Reform 3: Properly Interpret the Normal Farming Exemption under the CWA
Under Section 404(f)(1)(A) of the CWA, dredge-and-fill permits are not required for normal farming activities.[14] The EPA and Corps, however, narrowly interpret this exemption, inconsistent with the plain language of the statute.

This exemption, on its face, should apply to farming activities that would normally occur on farms.[15] To both agencies, “normal” appears to mean normal for a specific farm—not to farming generally.[16] As a result, this exemption only applies to activities at operations that have been ongoing since 1977 (when the law was passed).[17] If farming or ranching has stopped temporarily, the exemption may no longer apply because the operation is no longer “ongoing.”[18] Even ongoing operations may be required to secure a permit if a new crop is grown on the land.[19]

In addition, the CWA does have one exception to this normal farming exemption: the “recapture provision.”[20] As explained in American Farm Bureau Federation congressional testimony, this provision clarifies that “where discharges of dredged or fill material are used to bring land into a new use (e.g. making wetlands amenable to farming) and impair the reach or reduce the scope of jurisdictional waters, those discharges are not exempt.”[21] The EPA and Corps broadly interpret this exception which further narrows the scope of the normal farming exemption; for example, even changing crops could trigger this provision.[22]

Recommendation.
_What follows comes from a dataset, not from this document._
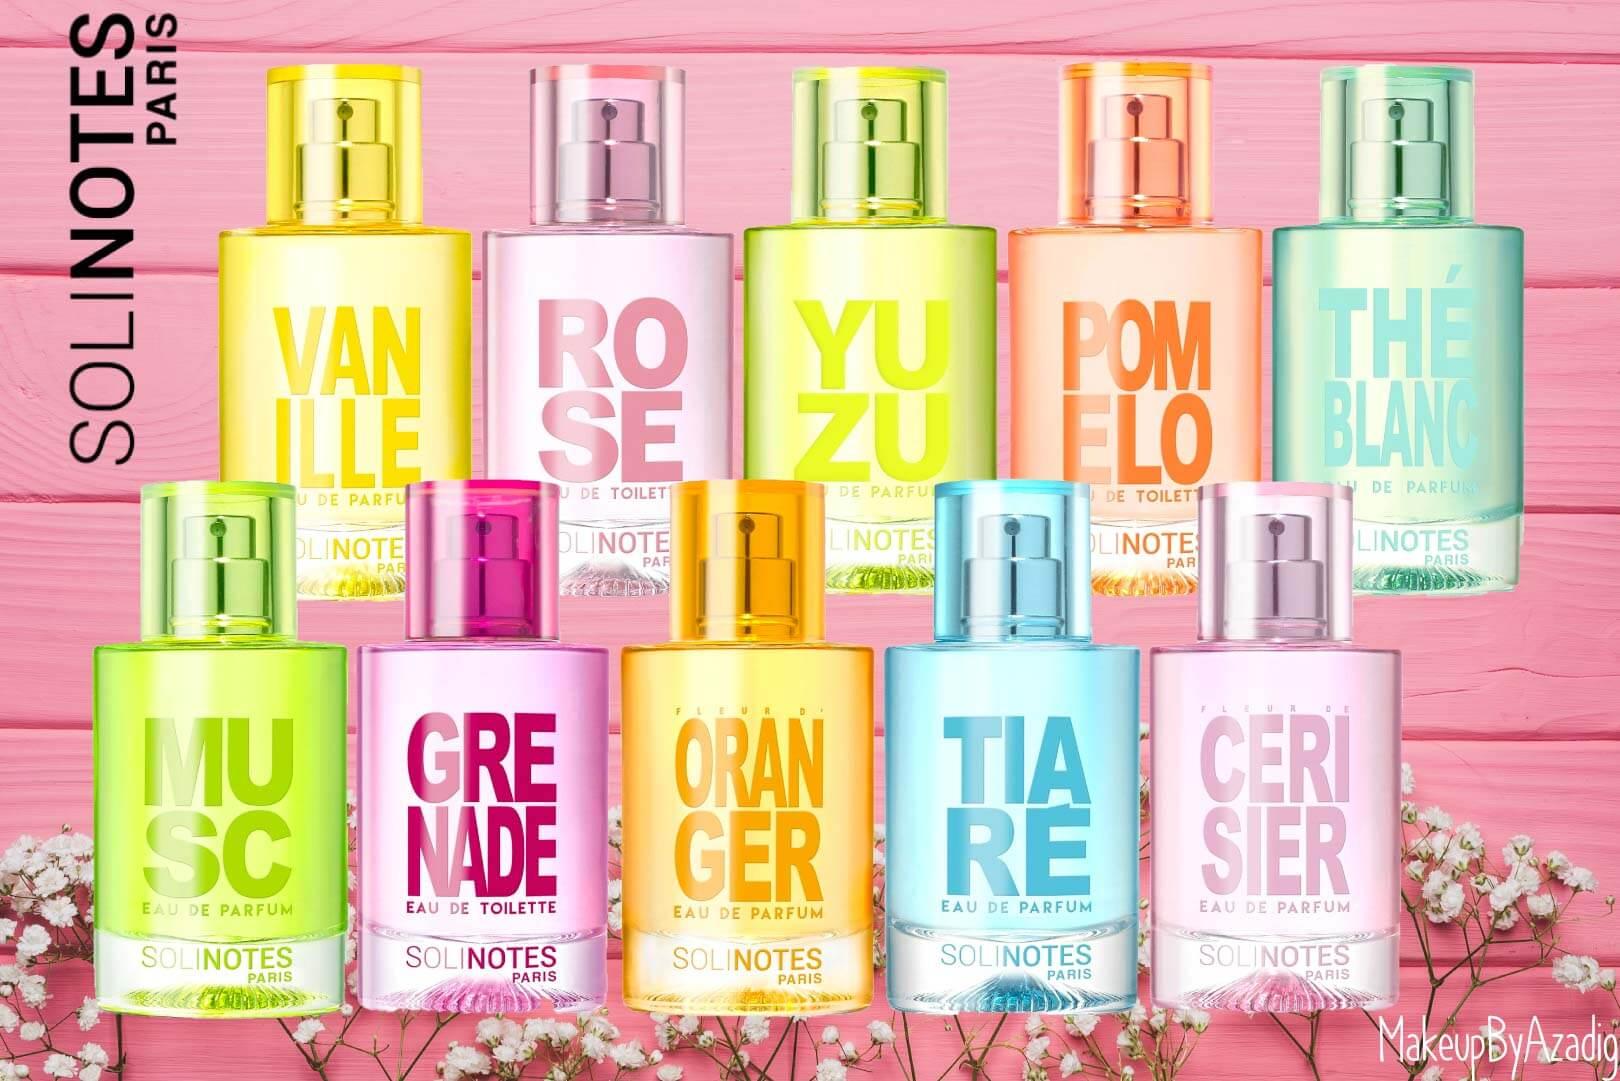 collection-revue-parfum-solinotes-sephora-monoprix-the-blanc-vanille-oranger-prix-pas-cher-promo-makeupbyazadig-white

The EPA and Corps should both rescind the current narrow interpretation of the normal farming exemption[23] and the overbroad coverage of the recapture provision. Normal farming activities should cover any activity that is normal for farming in general, regardless of whether such activity has been ongoing. A high standard should be set for the application of the recapture provision, and Congress should pass legislation to this effect.

The Trump Administration and Congress have a real opportunity to make these three reforms (among many other necessary reforms) and usher in a new era of federal water policy based on federalism, regulatory predictability, and the rule of law. These principles are not obstacles to achieving improved water quality, but requirements for success.